We were asked to strengthen the fight against corruption. Instead, we’ve witnessed more high-level corruption cases, from the State Audit being unable to account for millions in the Ministry of Defense to public bids given exclusively to government allies. One of the latest examples is the Batumi Construction Amnesty which forgives millions of lari in penalties to illegally-built high-rise developers connected to the authorities.
We were asked for deoligarchization, for ending state capture for and by Bidzina Ivanishvili. Instead, Parliament sought a bill targeting the opposition while exempting Ivanishvili, despite condemnation from the Venice Commission.
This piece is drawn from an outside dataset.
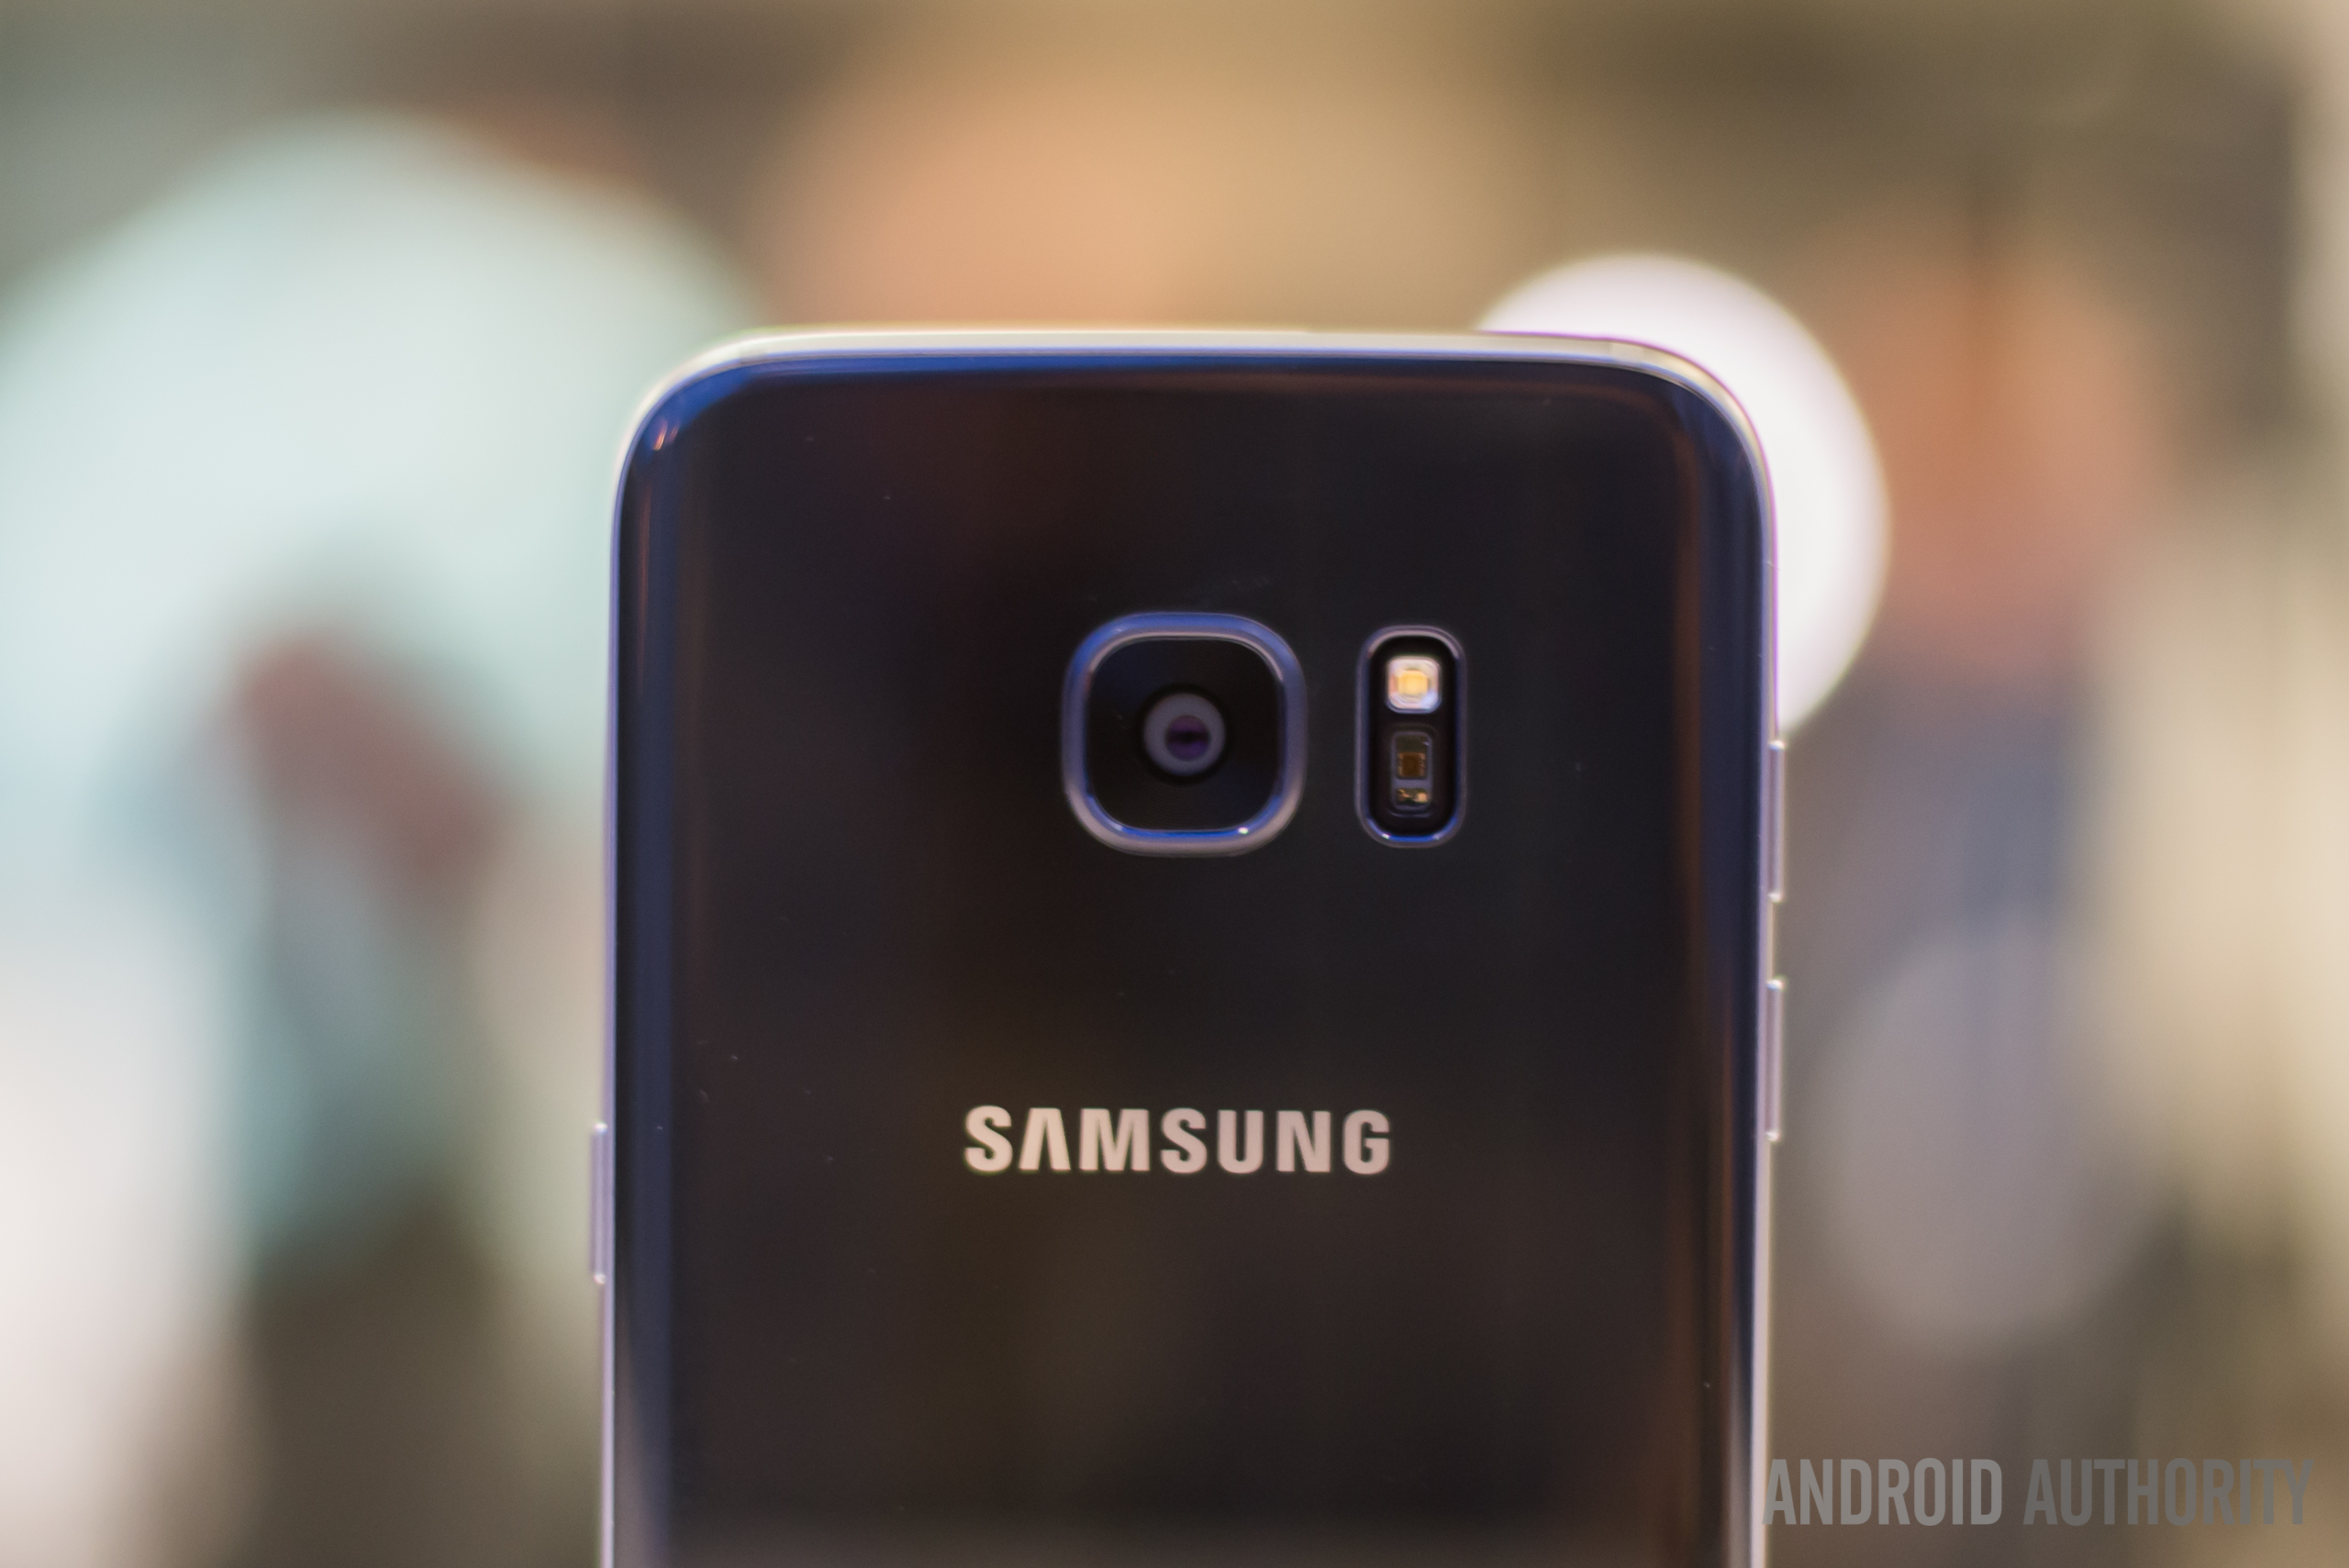 Zelden Sleutel vertalen New Samsung Galaxy S7 image sensor explained
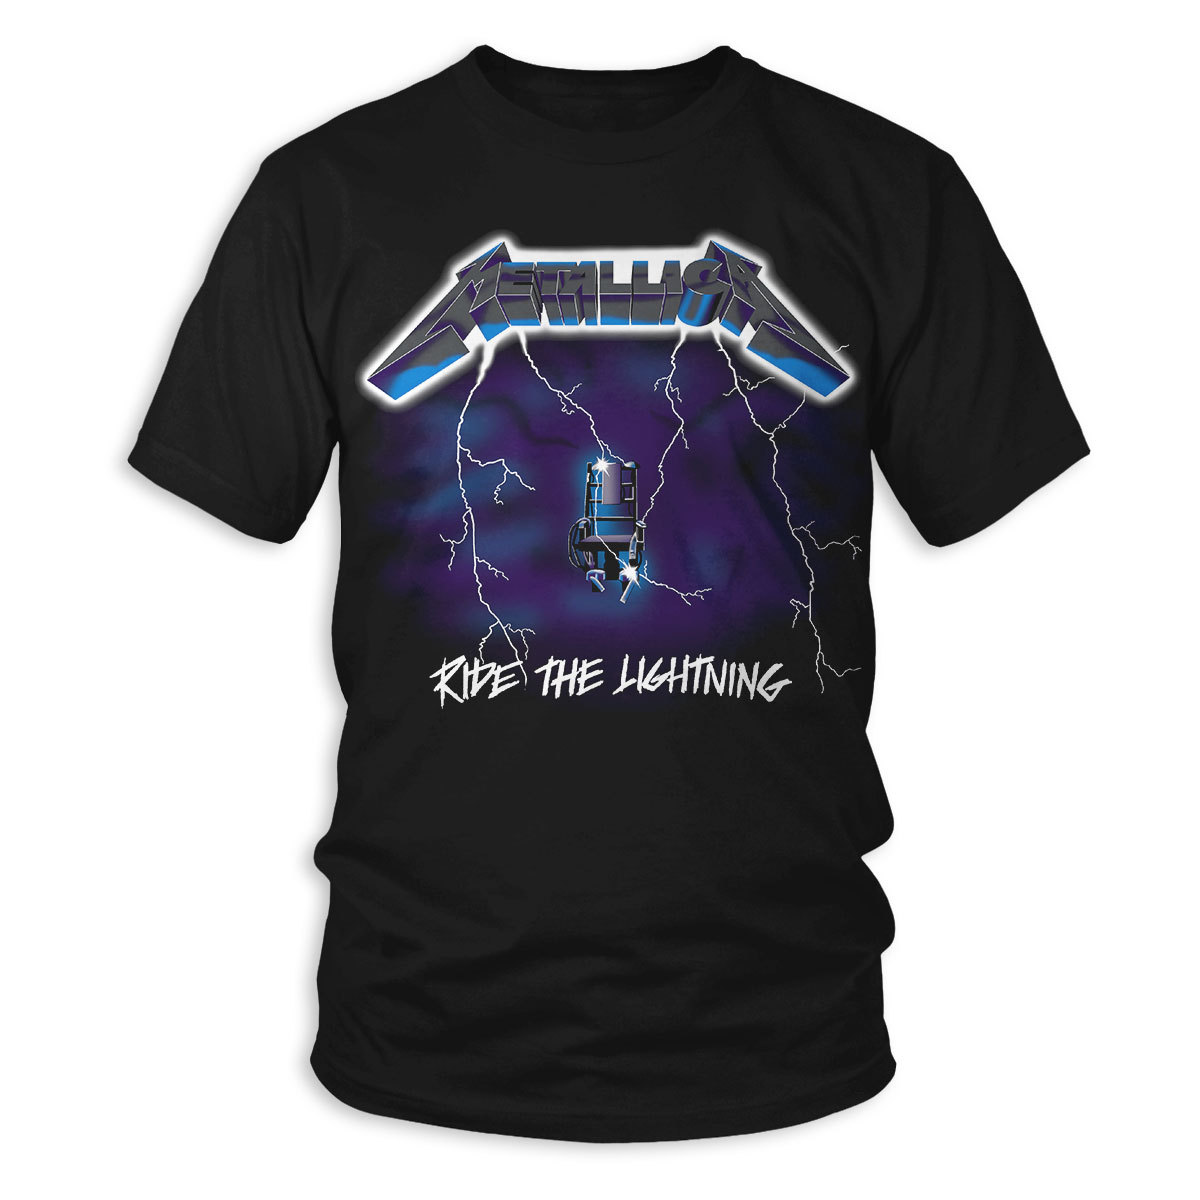 Metallica 'Ride The Lightning' T-Shirt NEW & OFFICIAL!

We were asked for stronger efforts to guarantee media freedom. Instead, we saw Nika Gvaramia in prison, oppressive media accreditation rules, and alarming lawsuits filed against critical media.
We were asked to protect the rights of vulnerable groups. Instead, no action was taken against the organizers of the July 5 violence; GD leaders have launched dangerous anti-LGBT rhetoric, Irakli Gharibashvili spoke at the controversial conservative meeting, CPAC, and the ultra-right Conservative Movement has become the second-best funded party in Georgia.
We were asked to fight violence against women. Instead, Tatia Samkharadze suffered from a harassment campaign by pro-government television and law enforcement agencies.
We were asked to strengthen civil society. Instead, we got the Foreign Agents bill.
Speaker Papuashvili speaks about his bewilderment at our partners for having “reneged” on Georgia. His party continuously uses gaslighting talking points of “seeking peace” or “practicing strategic patience.”
At no point does “strategic patience” implies attacks against our democracy. It was not strategic patience that made GD attack civil society, arrest opponents, and launch a procedural war in Parliament to shield corrupt judges. It was not Georgia’s strategic partners that made the GD launch homophobic campaigns and implement discriminatory media accreditation rules, and take over both the National Bank and the CEC via legislative fiat.
In fact, if the recommendations were issued today, we would likely have seen more than twelve. Avoiding sanctions evasion and foreign policy alignment come to mind as potential additional points to address.
Georgia deserves the EU candidacy. But only because of a long history – of generations that have fought and died for those values that make us truly European – tolerance, freedom, democracy.